Remember that `number_format()`

returns itself a *function*. That’s why the `(x)`

is all at the back of the function definition. It is the only argument of the function that is returned by `number_format()`

.

`ks(9000)`

`## [1] "9k"`

`ks(1234000)`

`## [1] "1,234k"`

`ks(2322)`

`## [1] "2k"`

As you can see, `ks()`

does what it should. But why?

`accuracy`

defines how should be rounded. Note that this changes the accuracy of the value in the last call:`2322`

simply gets`2k`

.`scale`

defines which value should be multiplied by the original value. In this case, the original value should be divided by 1000. This is the same as multiplying by 1/1000.`suffix`

tells R what to add behind the result (there’s also an argument`prefix`

in case you want to add something*before*the new value).`big.mark`

introduces a character between thousands which makes larger values more readable.
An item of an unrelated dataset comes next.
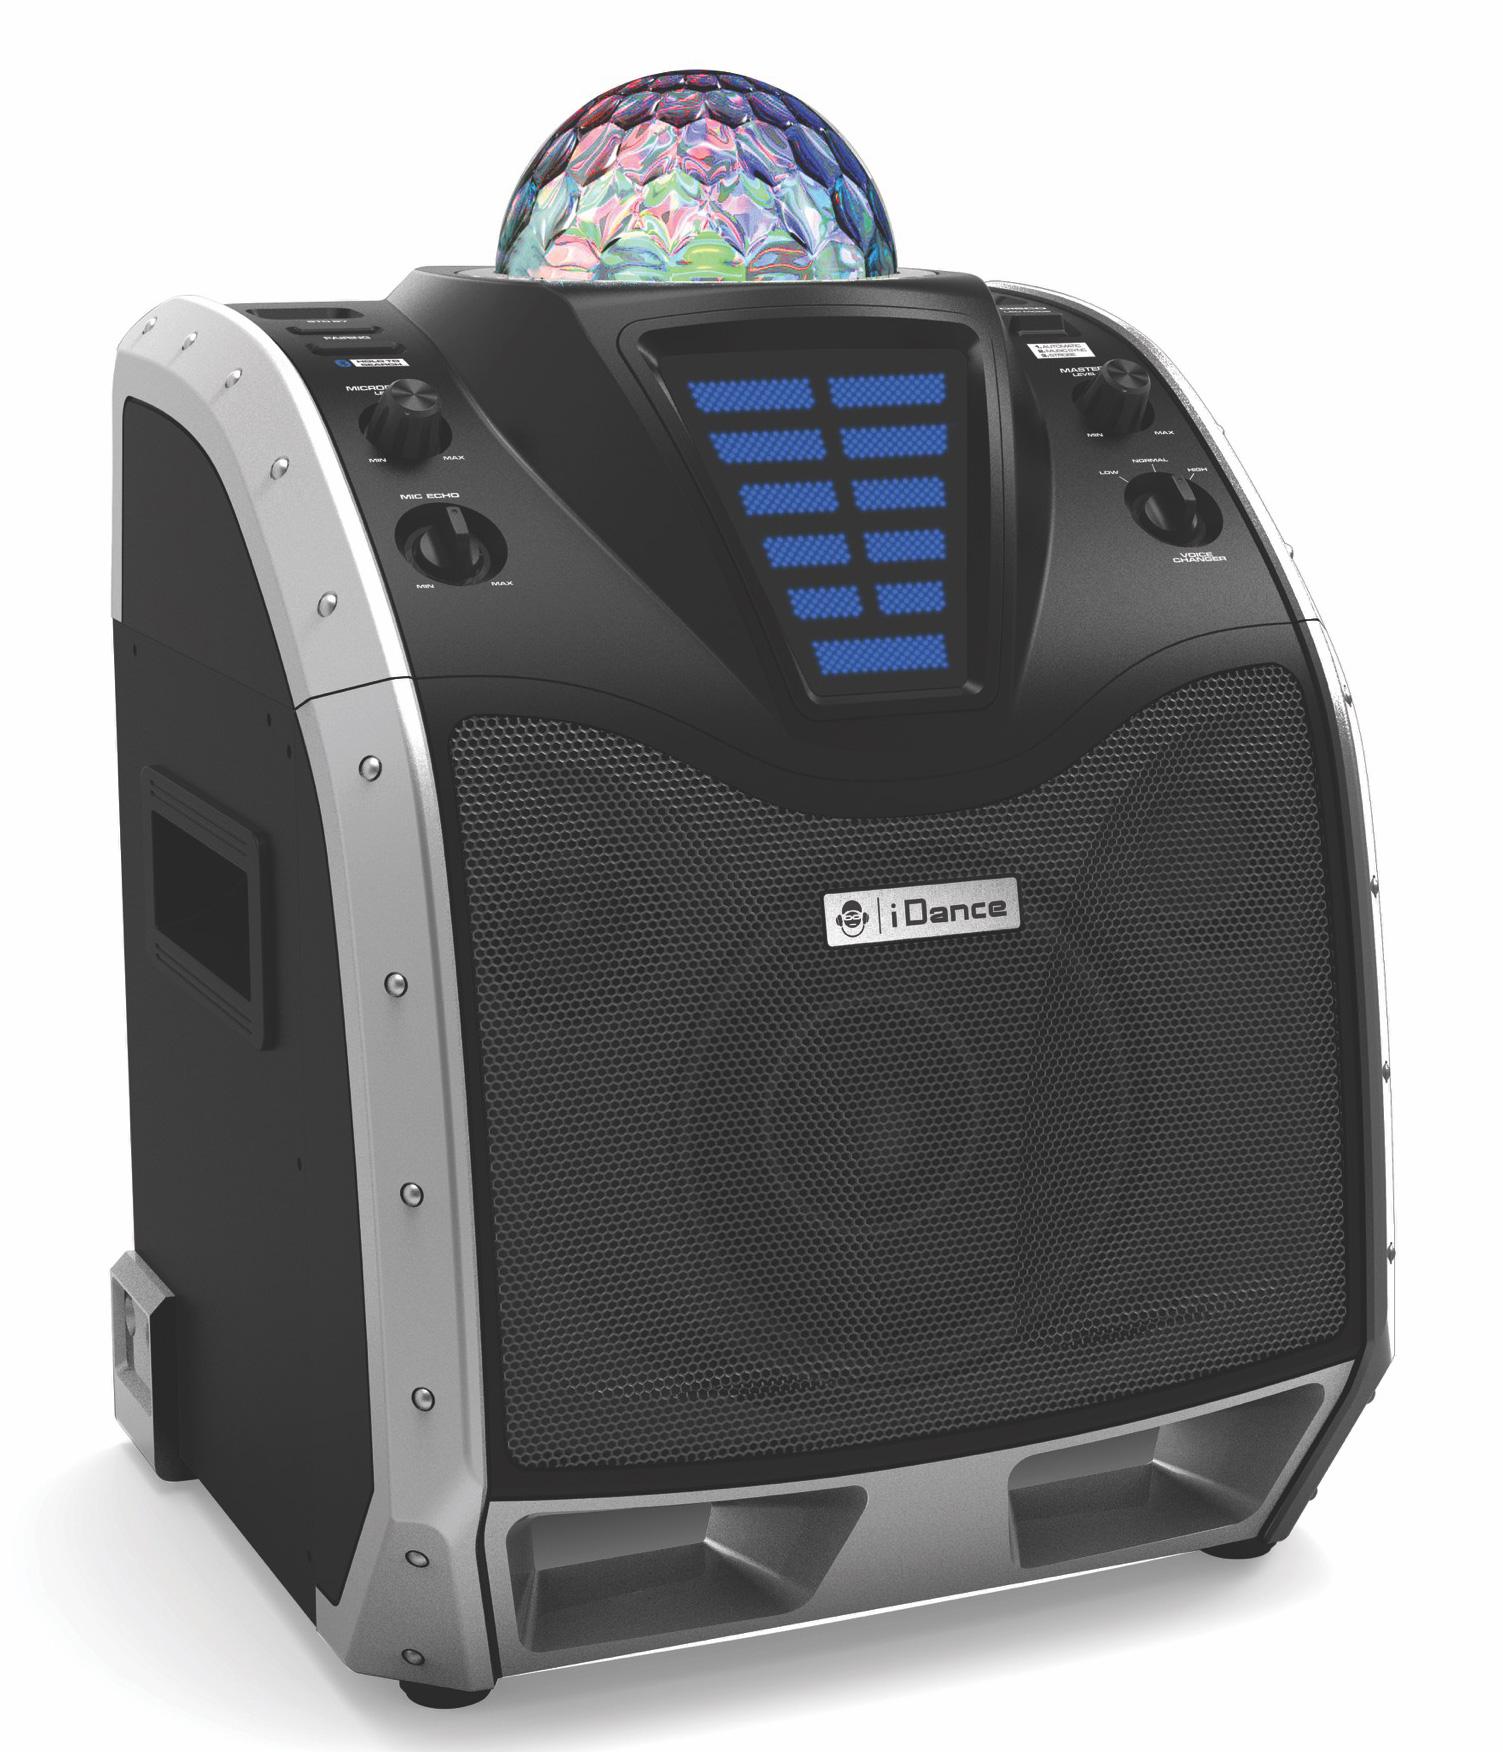 pack de sonorisation portable idance xd200 party station. Black Bedroom Furniture Sets. Home Design Ideas

Let’s use this new function as the labeling function for our y-axis.

```
ggplot(data, aes(x = x, y = y)) +
geom_point() +
geom_smooth(method = "lm", se = F) +
scale_x_continuous(labels = percent) +
scale_y_continuous(labels = ks)
```

`## `geom_smooth()` using formula 'y ~ x'`

That worked! And just in case you want to see the complete numbers but just format them in a way that is a little more readable, use the function `comma()`

.

```
ggplot(data, aes(x = x, y = y)) +
geom_point() +
geom_smooth(method = "lm", se = F) +
scale_x_continuous(labels = percent) +
scale_y_continuous(labels = comma)
```

`## `geom_smooth()` using formula 'y ~ x'`

`comma()`

*really* makes sense when you are dealing with large numbers (e.g., corpus sizes in linguistics) and quickly want to see the magnitude of different numbers. See? No need for counting zeroes anymore!

```
large.vals <- sample(10000000:200000000, 10)
comma(large.vals)
```

```
## [1] "76,812,506" "90,947,703" "28,384,382" "179,313,871" "126,583,426"
## [6] "198,167,391" "156,970,121" "166,548,073" "119,490,834" "70,583,212"
```

### Transparent colors

Now to something completely different: when I started using transparent colors in R, I had to remember the hex-value `7F`

because it stands for 127, which is rougly the half of 255. By defining colors like

```
half.trans.blue <- "#0000FF7F"
half.trans.red <- "#FF00007F"
```

I got colors that are half transparent. I used those codes in plots where I needed transparent colors. With the function `alpha()`

from the “scales” package, this is much easier and more straightforward:

```
plot(c(1, 1), c(0.5, 1.5),
pch = 19, cex = 10, ylim = c(-5, 10),
col = c(half.trans.blue, half.trans.red))
```

```
plot(c(1, 1), c(0.5, 1.5),
pch = 19, cex = 10, ylim = c(-5, 10),
col = alpha(c("blue", "red"), 0.5))
```

You just give `alpha()`

a vector of colors and a transparency value between 0 and 1 and it calculates the hex codes for you. You can also give it several transparency values if you want your colors to have different transparencies. I really like this and use it a lot. Remember, that you don’t have to load a package to use a function that’s in this package. You could simply use double colons to access a function in a package, e.g. `scales::alpha("blue", .5)`

.

As I said: There’s a lot more you can do with the “scales” package. I only described the few functions I am using the most. But please feel free to add other stuff in the comments. Bye!